CNN reported that the bill passed the state’s House of Representatives in an 82-26 vote.  After Senate Democrats walked out of the vote in protest, the bill passed in a 32-0 vote in the Senate.

 

The new law has outraged numerous civil liberty groups. CNN reported that acting executive director of the American Civil Liberties Union in North Carolina, Sarah Preston, said “Rather than expand nondiscrimination laws to protect all North Carolinians, the General Assembly instead spent $42,000 to rush through an extreme bill that undoes all local nondiscrimination laws and specifically excludes gay and transgender people from legal protections.” Politico reported that Governor Andrew Cuomo (D- N.Y.), banned all “non-essential, publicly funded travel” to North Carolina.  Cuomo also did this last year in response to Indiana’s highly controversial “religious freedom” bill, which did not directly prohibit discrimination towards LGBT people, until an explicit clause was put in to address that issue.

 

McCrory has been fighting the backlash from the law.  In an interview with NBC News, McCrory said “We are not taking away any rights whatsoever.”  He reaffirmed his position on the law, stating that he would refuse to hear pleas to repeal it.  On another interview with Fox & Friends, McCrory noted that voters in Houston overwhelmingly voted against Proposition One, better known as the Equal Rights Ordinance, last fall.  Proposition One would have made business that restricted the bathroom transgender people could use a punishable offense of up to $5,000.  “And there are no protests for boycotts of Houston, Texas during the Final Four basketball tournament.
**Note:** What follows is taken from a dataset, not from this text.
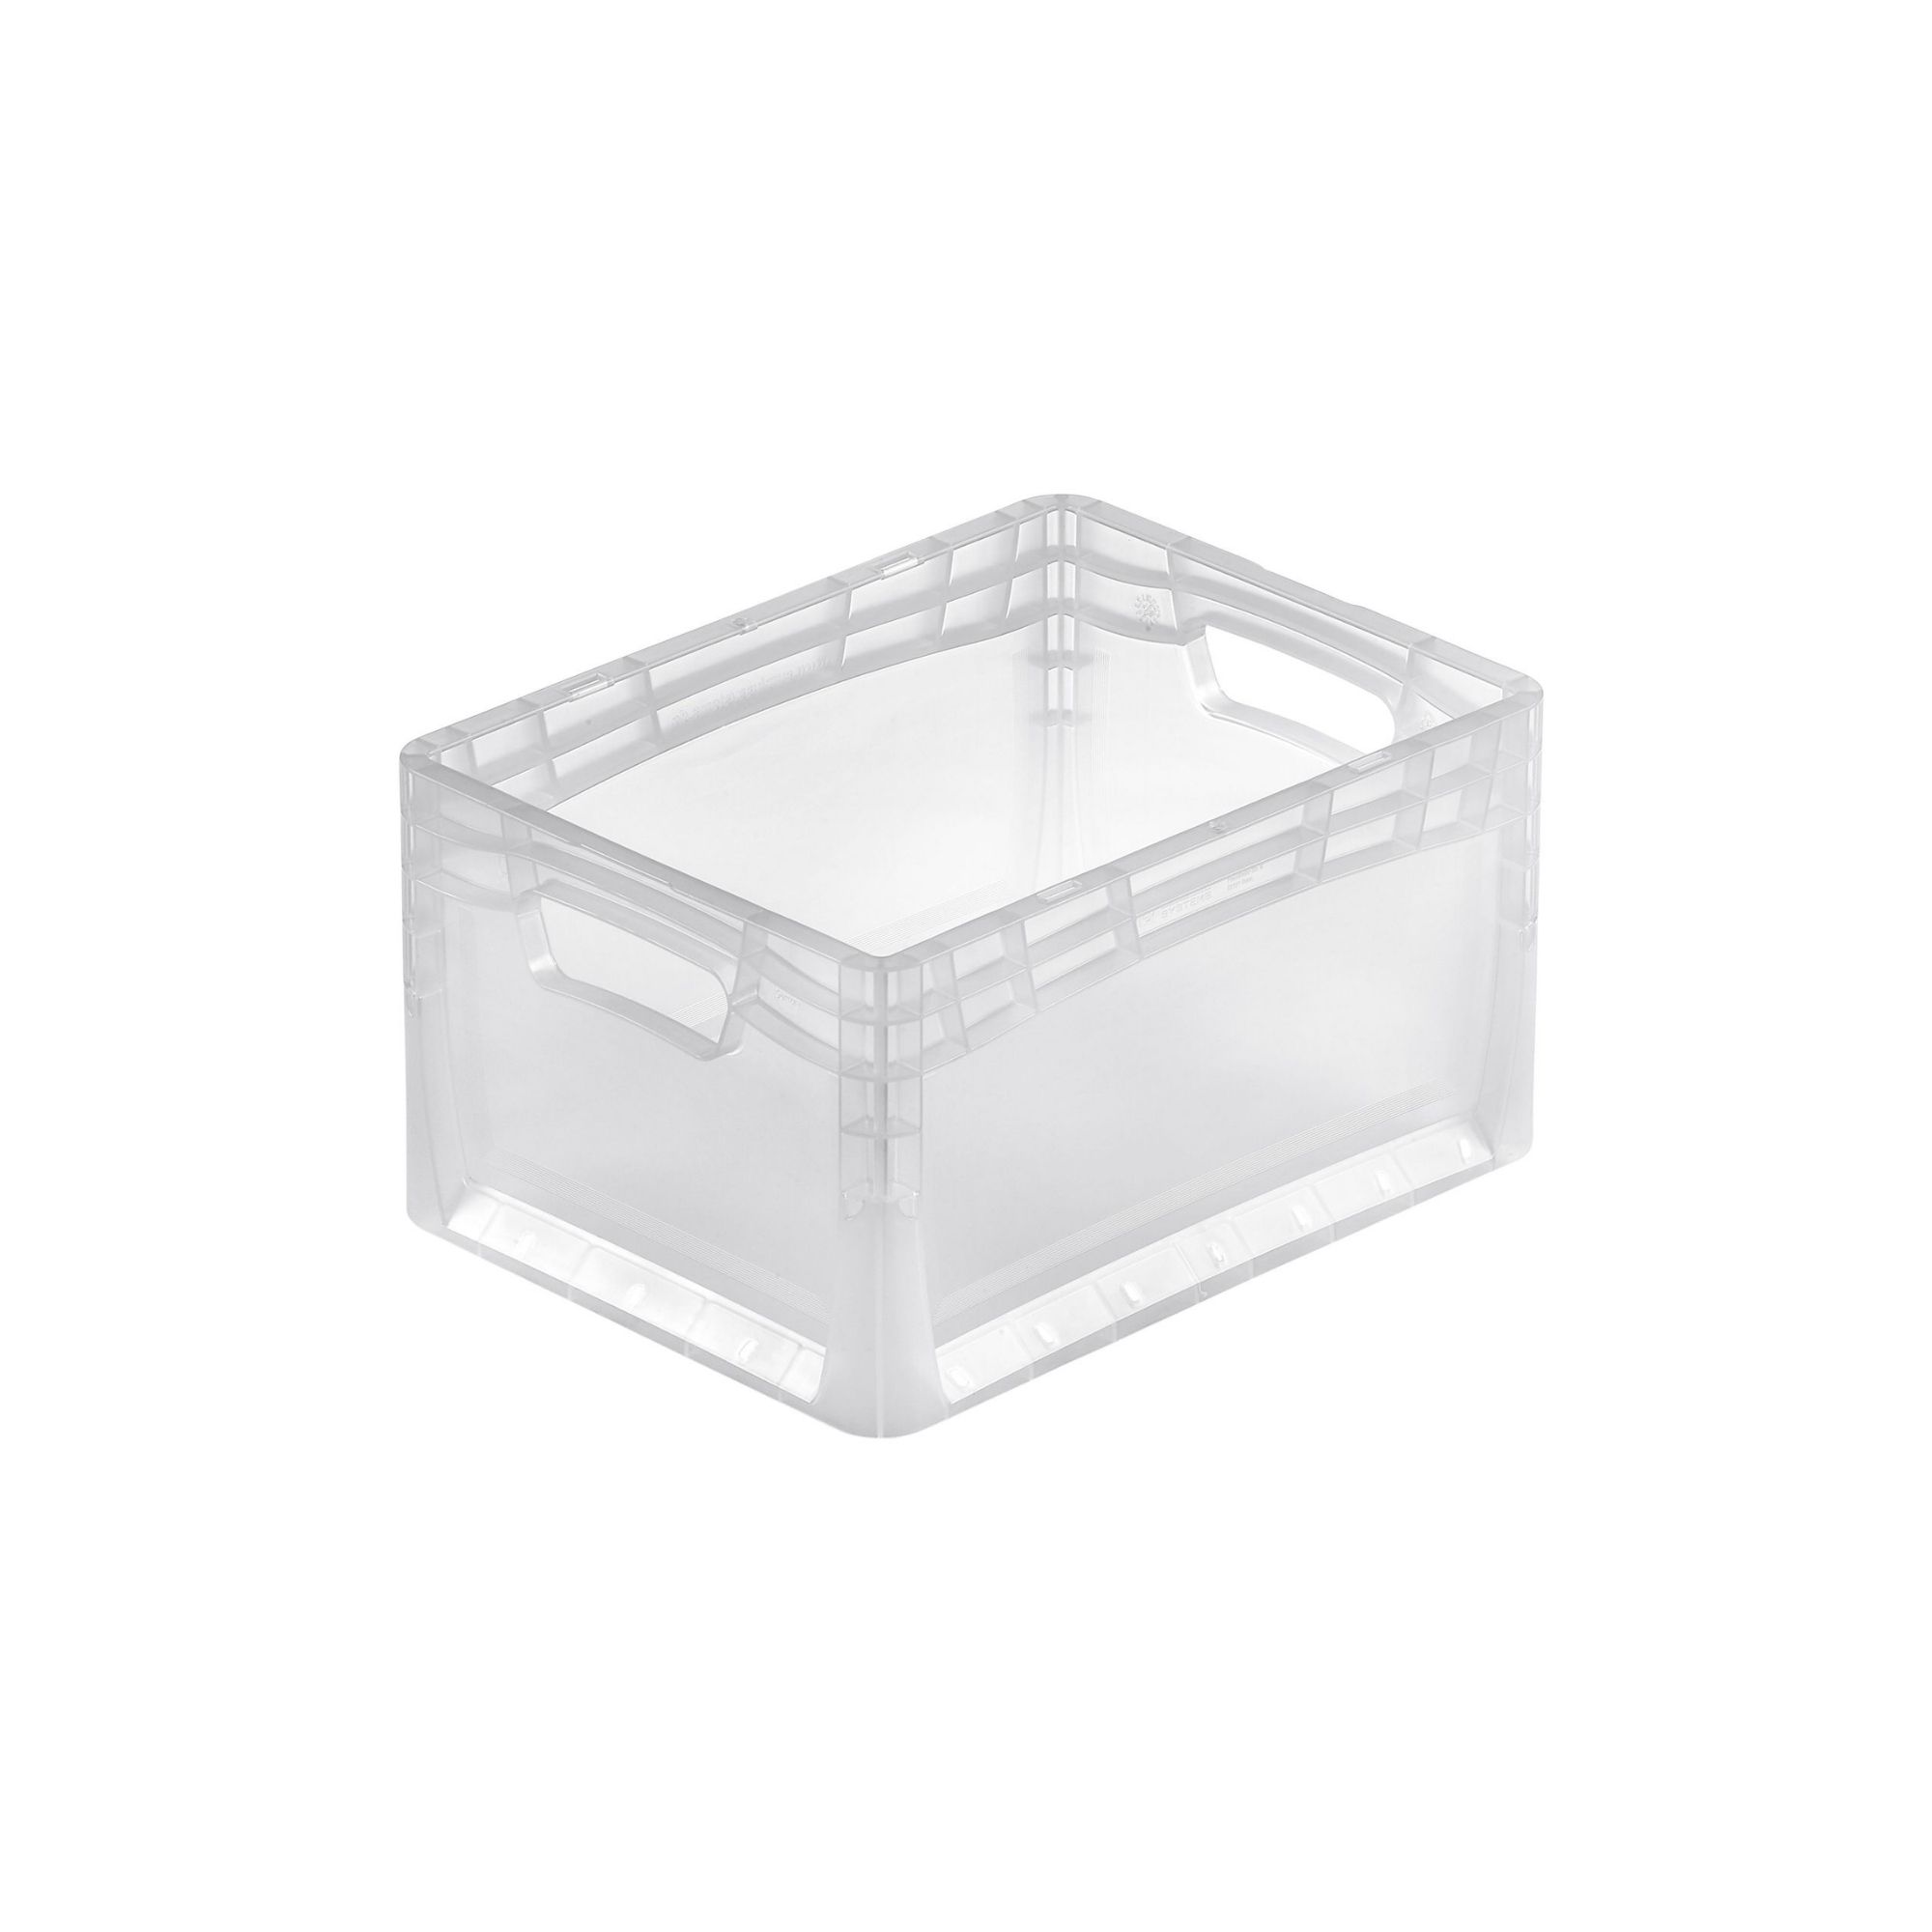 Transparenter Eurobehälter LightLine mit offenem Griff | HxBxT 22x30x40cm | 24 Liter | Eurobox, Transportbox, Transportbehälter, Stapelbehälter
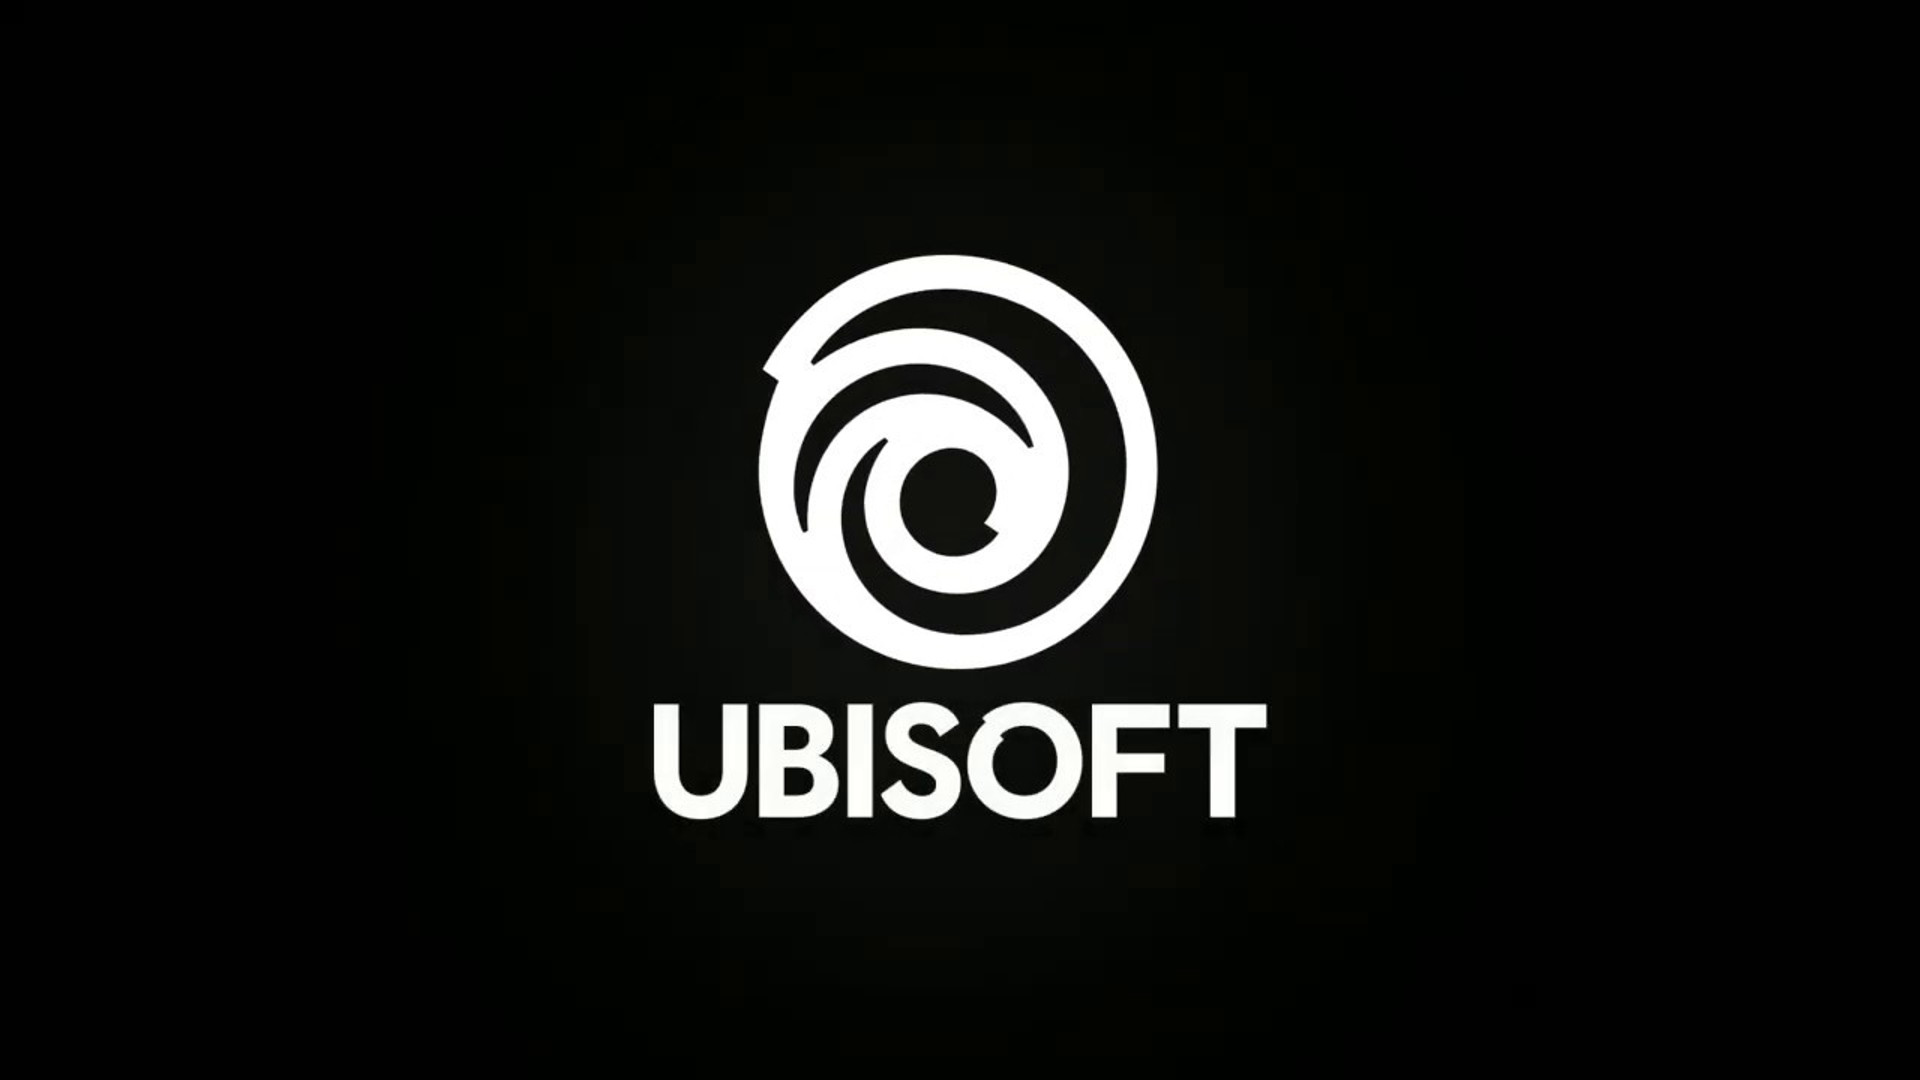 El director de Ubisoft responde a la carta abierta de los empleados y dice que Studio ha "hecho un progreso significativo durante el último año"

Nor should there be,” McCrory said. “So none of these corporations that are now criticizing North Carolina, they’re all going to be advertising during the NCAA championship, and there’s a lot of corporate and political and media elite hypocrisy about this. It’s really sad.”

 

McCrory is the third governor to take action on LGBT issues in the month of March.  According to NBC News, South Dakota’s governor vetoed a bill barring transgender students from using the bathroom of their choice after much outcry.  Along with South Dakota and North Carolina, Georgia’s governor vetoed a “religious freedom” bill that drew threats of boycotts from major companies such as Yelp and Intel.

 

Editor’s Note: Information from NBC News, Fox News, CNN and Politico was used in this report.